SC Robert Mueller
© APSpecial Counsel Robert Mueller
The trial of Paul Manafort began yesterday in federal court in Virginia. It has received broad coverage because, at one point, Manafort was the Trump campaign chairman and he is being prosecuted by the Mueller team conducting an investigation of President Trump.

And yet, it really has nothing to do with anything.

Manafort is charged with a variety of tax and banking crimes. The trial is important to him because if convicted, he faces some serious time in the federal pen. But these charges have nothing to do with the Trump campaign, Russian interference with the election, or really anything else that anyone not named Paul Manafort would care about.

So why are they being brought by the special prosecutor?

It has to do with a kind of "drive-by" authority that is often given to special prosecutors and was given to Mueller. Basically, if in the course of his investigation of President Trump he came across other crimes, he was given the power to prosecute them. Apparently, while investigating Manafort, this is exactly what happened.

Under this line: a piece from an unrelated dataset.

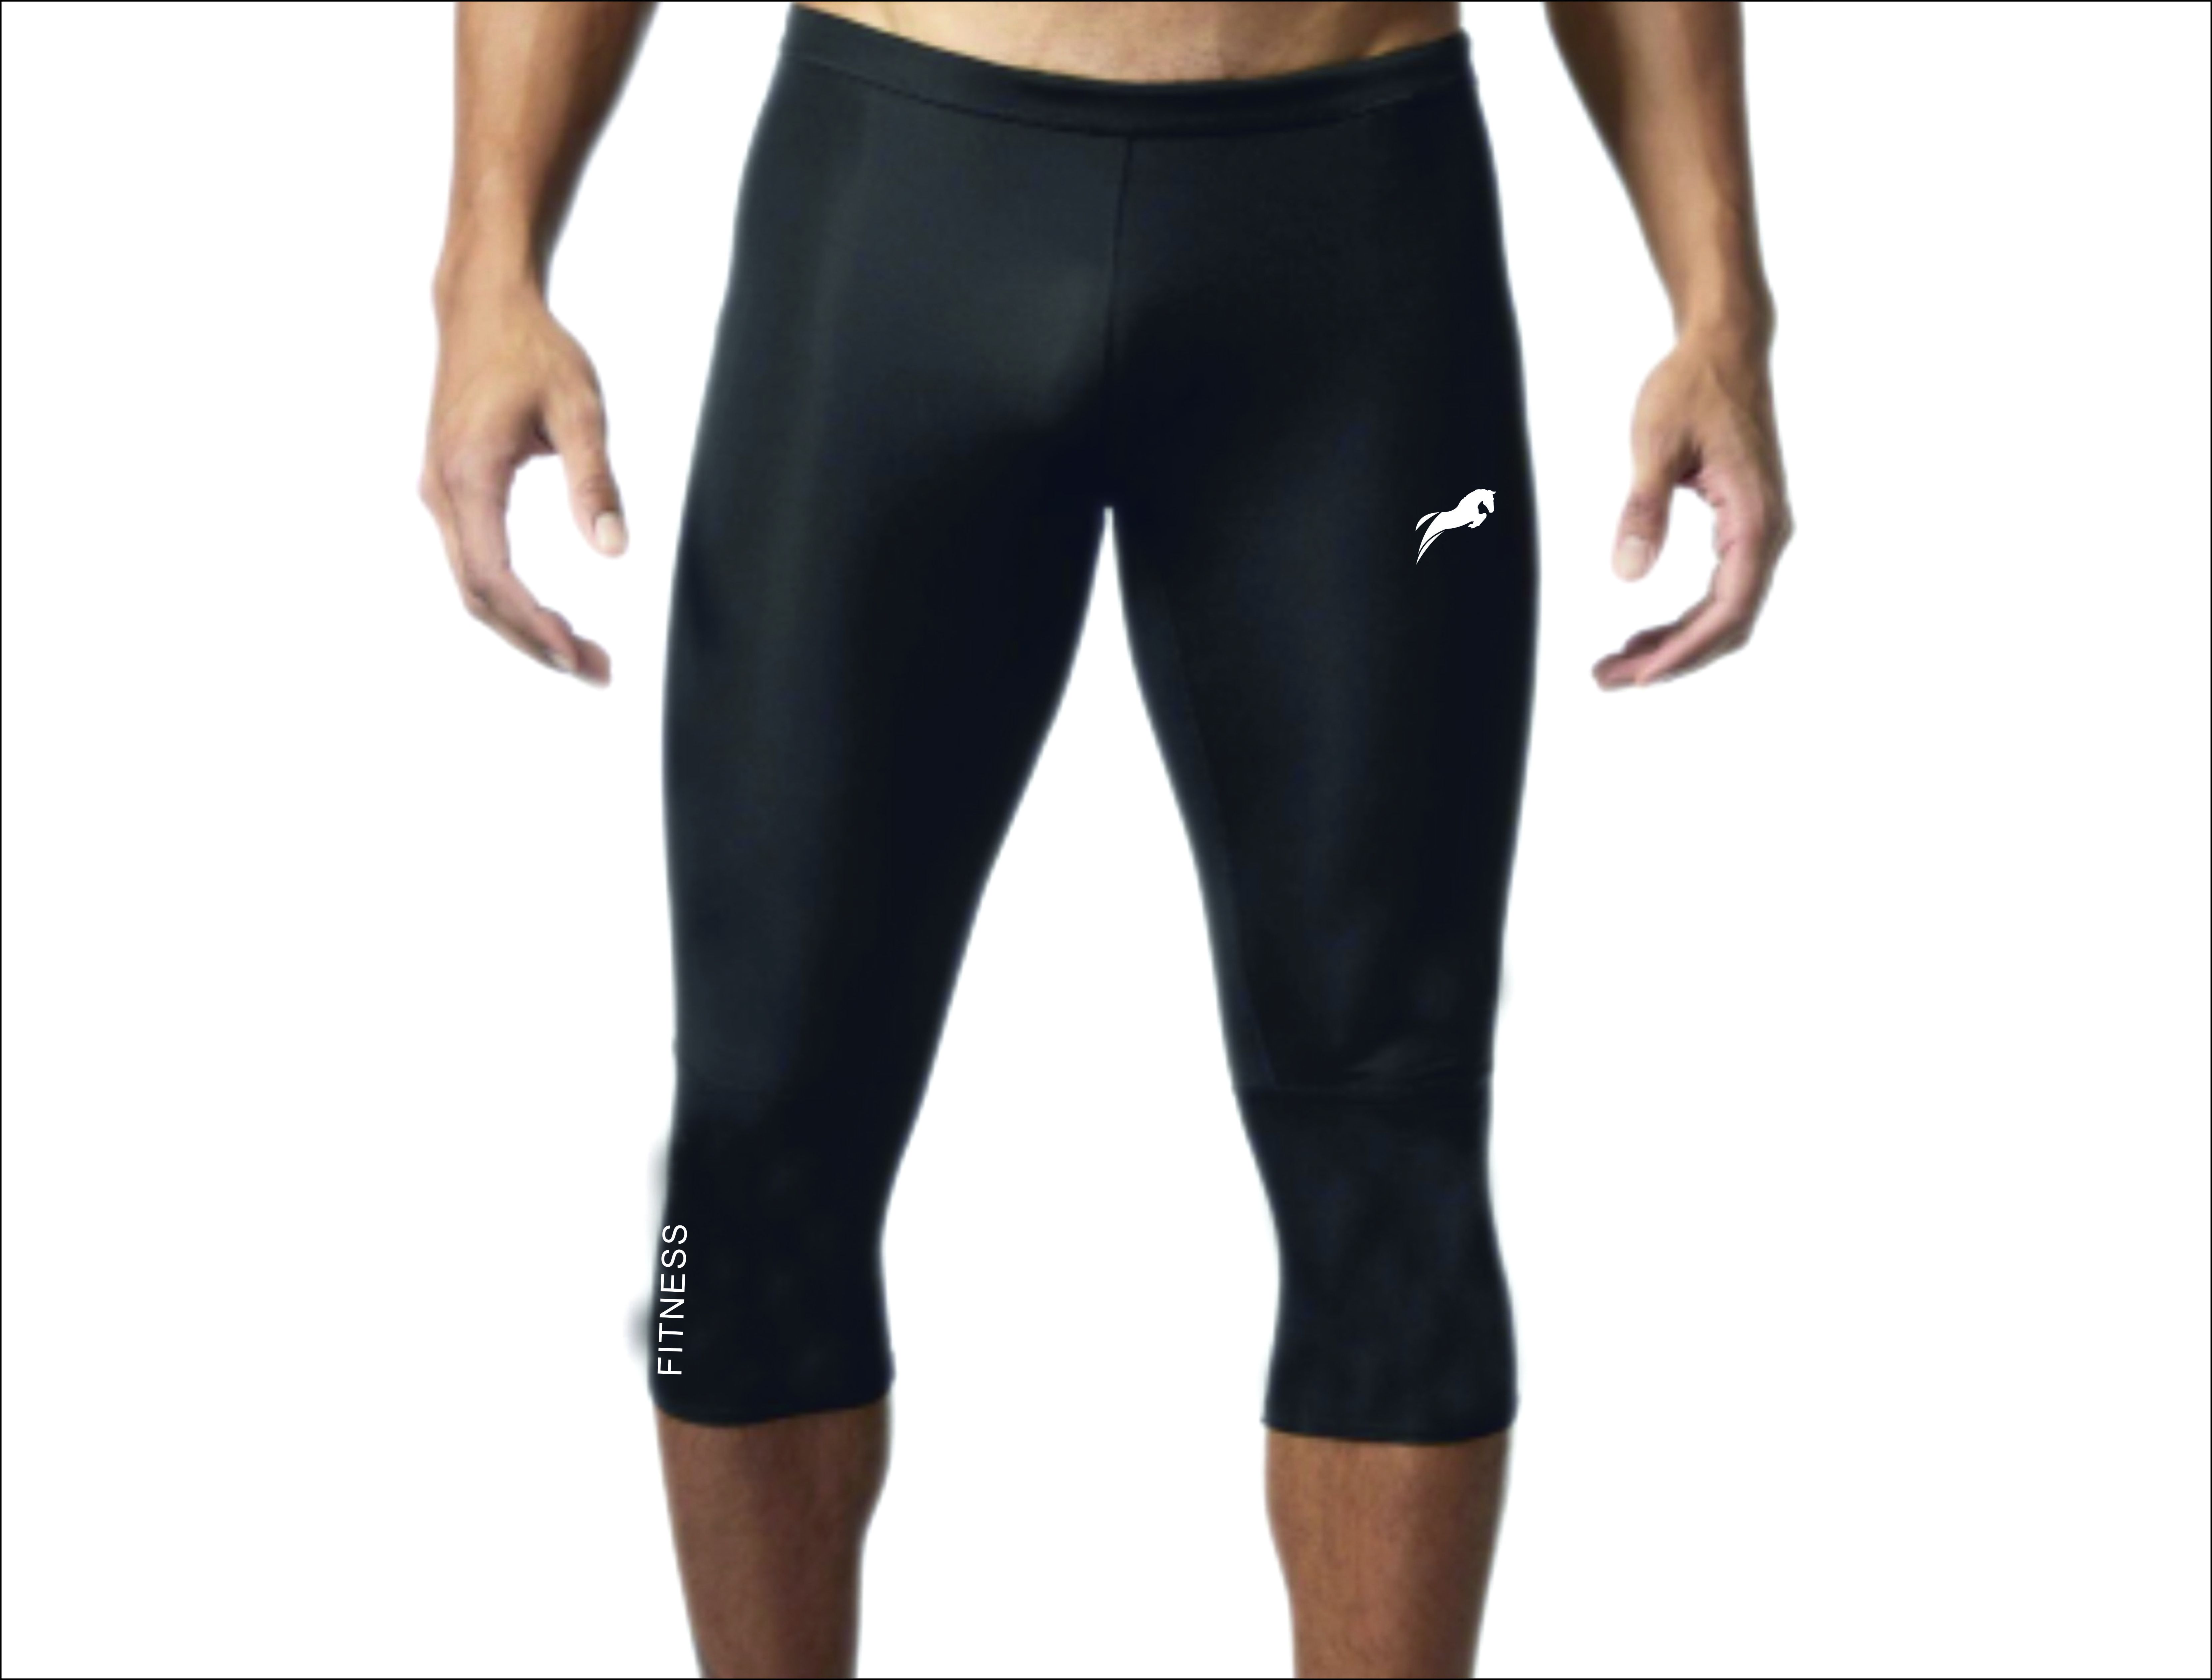     			Rider 3/4 CAPRI LENGTH COMPRESSION TIGHTS Multi Sports Cycling, Cricket, Football, Badminton, Gym, Fitness & Other Outdoor Inner Wear

Of course, Mueller could have just handed off this tax and banking case to one of the many regular prosecutors who do this all the time, but he has chosen not to do so. (In the interests of full disclosure, I worked with and for Mueller in the U.S. Attorney's Office back when dinosaurs roamed the earth.)

This is, I think, a questionable decision. First, as is evident from the coverage, it tends to confuse many people into thinking that this trial has something to do with his core investigation. Win or lose, everyone will read the result as bearing on whether the president did or did not do what he is accused of.

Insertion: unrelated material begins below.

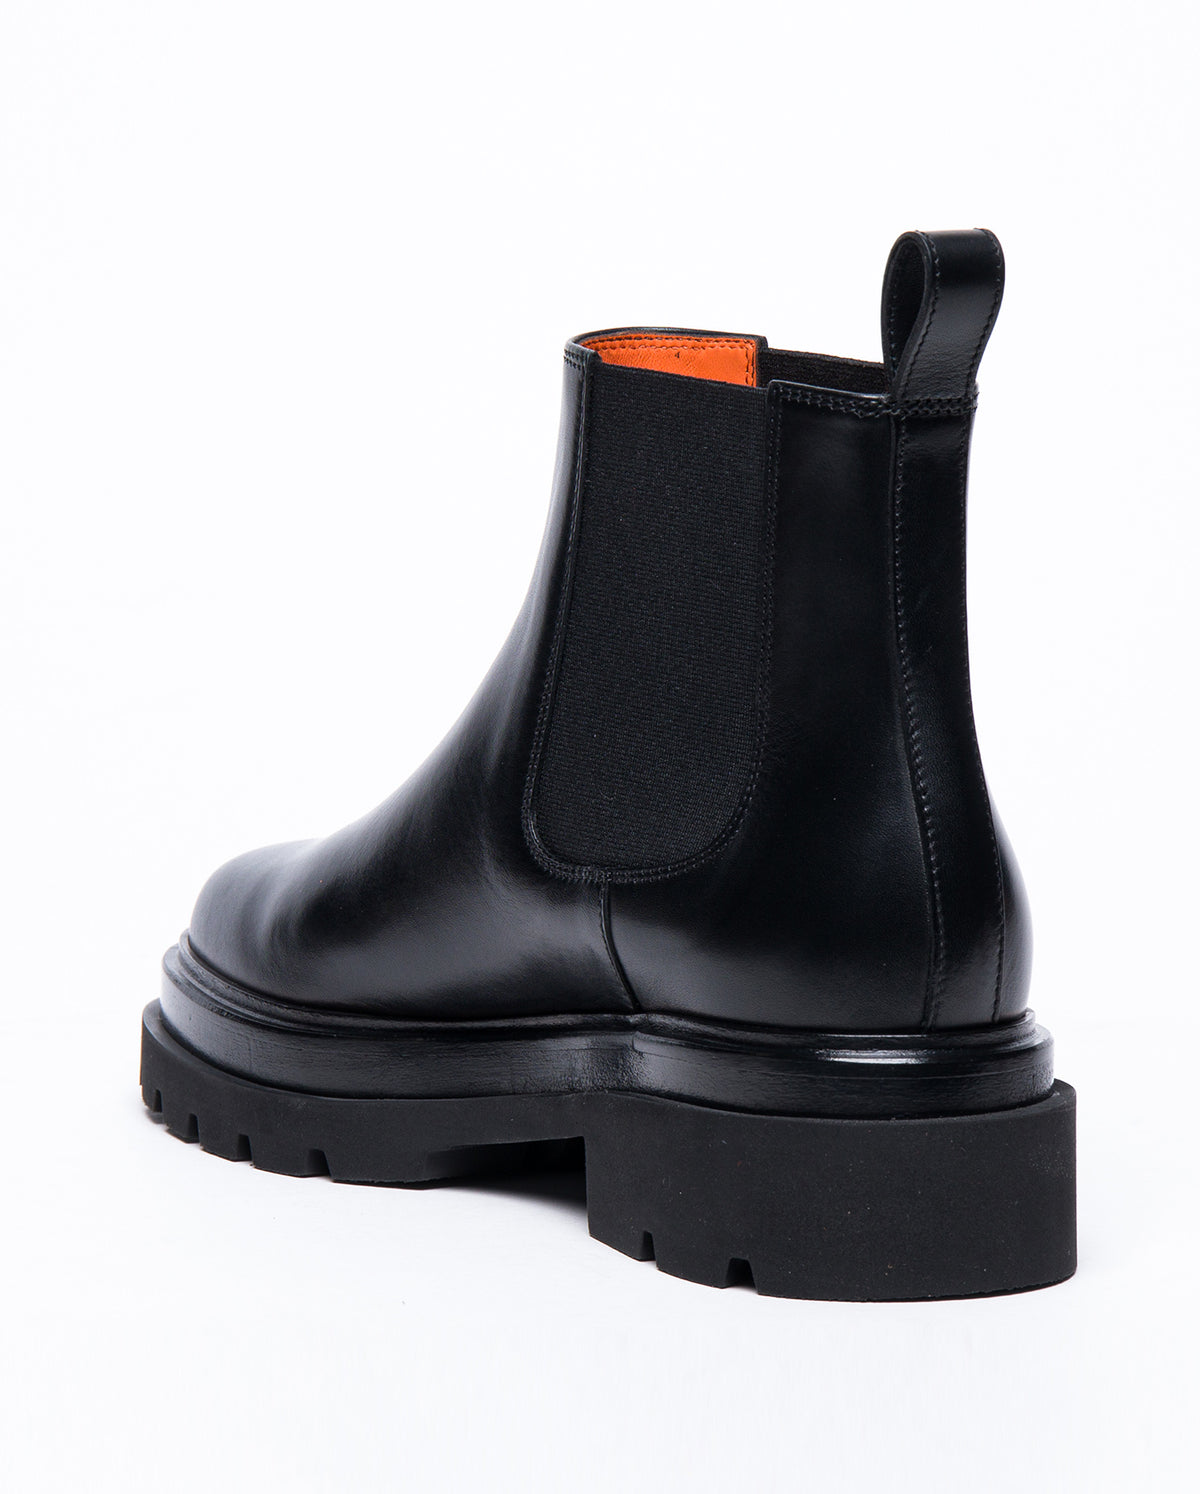 Rubber Ankle Boot - Black

Second, it distracts from the core investigation. If the leader of the free world is investigated while in office, it should only be done by someone equal to the task. When Mueller was designated to be a special prosecutor, it was because his career, particularly his time as director of the FBI, gave him that gravitas. But this special authority should not be wasted on garden-variety prosecutions that are outside his core task.

Most problematic, however, is the taint it will give to any future testimony that Manafort gives. The fact that Mueller and his office are prosecuting the case makes it appear that they are trying to get leverage against Manafort. Perhaps they are. But it means that anything he ever says will look like it was the result of pressure and will be discounted heavily. Indeed, if there is a conviction, it will be the testimony of a felon.

So Mueller gets a prosecution and possible conviction, but undermines his main mission. That is a bad exchange.

Evan Slavitt is a Massachusetts lawyer who writes on legal issues for the Herald.